The target-tracking radar (TTR) is the SAM site’s fire-control sensor: X band, a narrow slewable pencil beam, medium-to-high PRF (often pulse-Doppler), at tens to a low hundred kilometers. The target-illuminating radar (TIR) floods the target with continuous energy so a semi-active missile’s seeker can home on the reflection. Break the TTR-to-missile lock and the engagement is over.

Terminal layer — AI, seekers, fuses#

AI (airborne interceptor) radar is a fighter’s X-band AESA fire control, running search, track, and scan-while-track. The missile’s own active seeker uses Ka or mmW for a compact aperture and very high PRF over the final 5–20 km. The proximity fuse is a very-short-range CW or high-PRF sensor that triggers the warhead at burst radius.

Class

Band

Range

PRF

Beam

Job

EW

UHF / L

~700 km

Low

Wide fan

Detect, alert

ACQ / HF

S

~400–470 km

Low–med

Fan + pencil

3D track for handoff

GCI

S / C

~350 km

Med

Medium

Vector interceptors

TTR

X

~150 km

Med–high

Pencil

Fire-control track

AI

X

~80 km

High

Pencil

Airborne intercept

Seeker

Ka

< 20 km

Very high

Narrow

Terminal homing

Fuse

mmW

Burst radius

CW / high

Near

Trigger warhead

Mapping to the kill chain#

Each class advances one link of the chain from L1:

Kill-chain link

Radar class

Band

Detect

EW

UHF / L

Track

ACQ + HF, GCI

S

Identify

ACQ multi-mode, ESM

S

Engage (cue)

TTR, AI

X

Engage (illuminate)

TIR

X

Engage (terminal)

Active seeker

Ka

Kill

Proximity fuse

mmW

Break one row and you break the chain. EW investments tend to attack the early rows — they are cheaper to defeat and the payoff is higher, because everything downstream depends on them.

What LO does to the coverage#

Recall the fourth-power law: \(R_{\max}\) scales as \(\sigma^{1/4}\). A B-21-class target at roughly \(-30\) dBsm has about \(10^{-3}\) the RCS of a \(0\ \text{dBsm}\) legacy fighter, which collapses detection range to about 17.8% of the legacy value at every layer. Apply that to the notional ranges above:

Layer

\(R_{\max}\) vs 1 m²

\(R_{\max}\) vs B-21 (\(-30\) dBsm)

Absolute shrink

EW

~700 km

~125 km

~575 km

ACQ

~470 km

~84 km

~386 km

TTR

~150 km

~27 km

~123 km

AI

~80 km

~14 km

~66 km

The percentage reduction is the same everywhere — that is what \(\sigma^{1/4}\) guarantees. But the absolute kilometers bought are largest where the rings start largest: at the EW and ACQ layers. LO does not make the bomber invisible; it shrinks every ring proportionally, and the biggest raw payoff is at the long-range surveillance layers. The engagement layers still close in — which is why LO buys time and standoff, not invulnerability, and why the later blocks add active EW on top.

Quick Exercise

You intercept these signals. Identify the most likely radar class.

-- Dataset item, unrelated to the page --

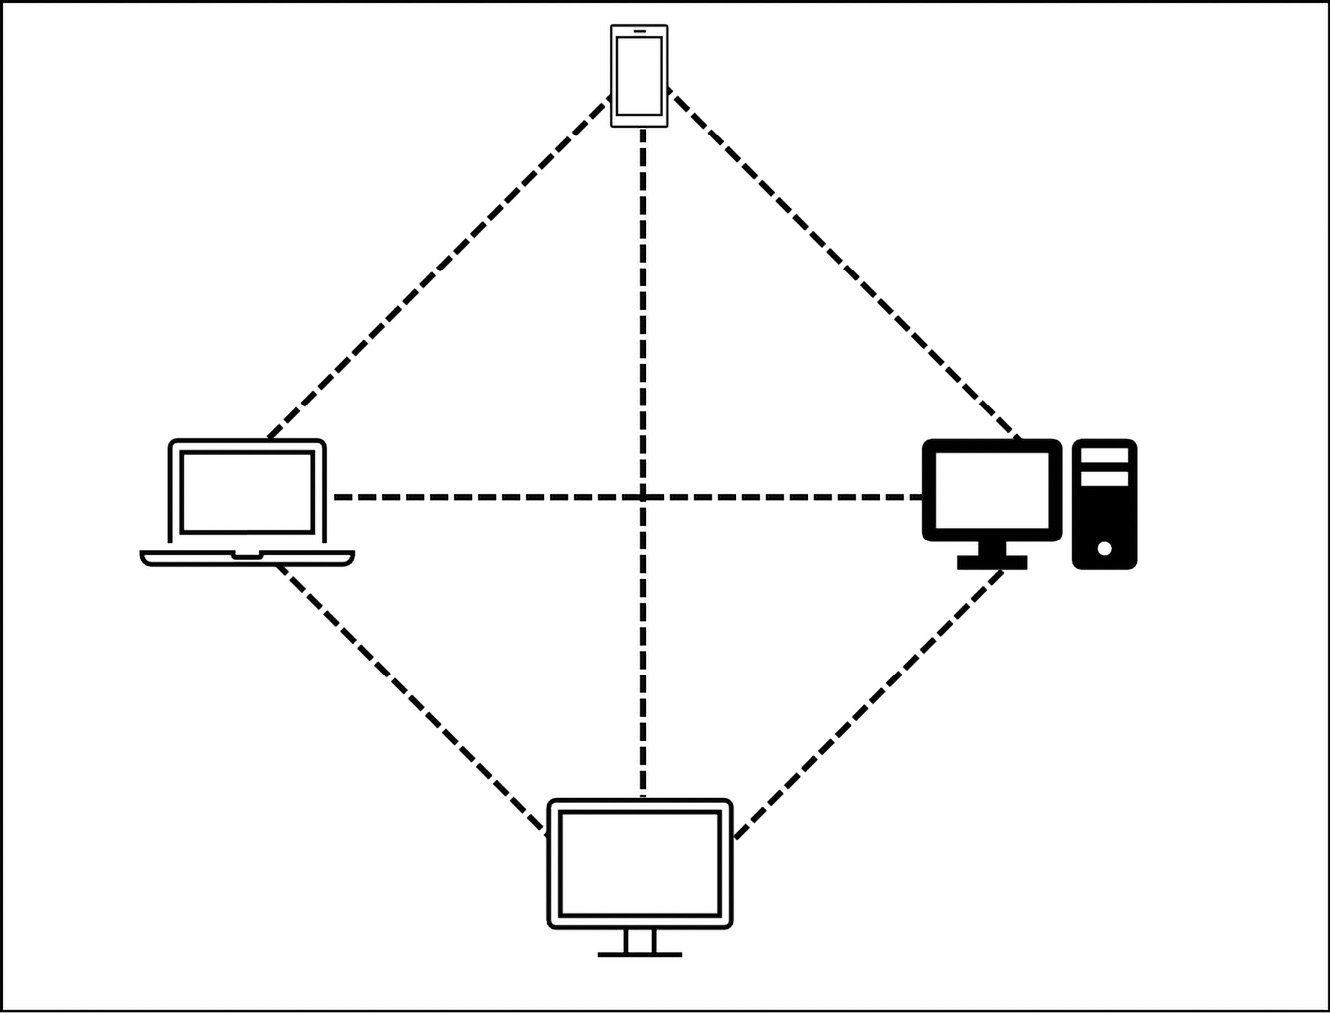 Figure 3.1 – A simple P2P network diagram

  1. \(f = 1\) GHz, PRF \(= 200\) Hz, large antenna, \(360^\circ\) scan in seconds.

  2. \(f = 10\) GHz, PRF \(= 10\) kHz, narrow pencil beam, locked on you.

  3. \(f = 35\) GHz, very high PRF, range collapsing, under 10 km away.

Wrap-Up#

An IADS is a cascade of radar classes, each doing one job and handing off to the next. Band, PRF, and beam type together tell you the class and the kill-chain link it serves. LO buys the most absolute kilometers at the EW and ACQ layers, while the engagement layers still close in — so stealth is standoff and time, not invisibility. Next, L8 supplies the missing piece behind every “\(R_{\max}\)”: how detection actually happens, in terms of SNR, \(P_d\), and \(P_{fa}\).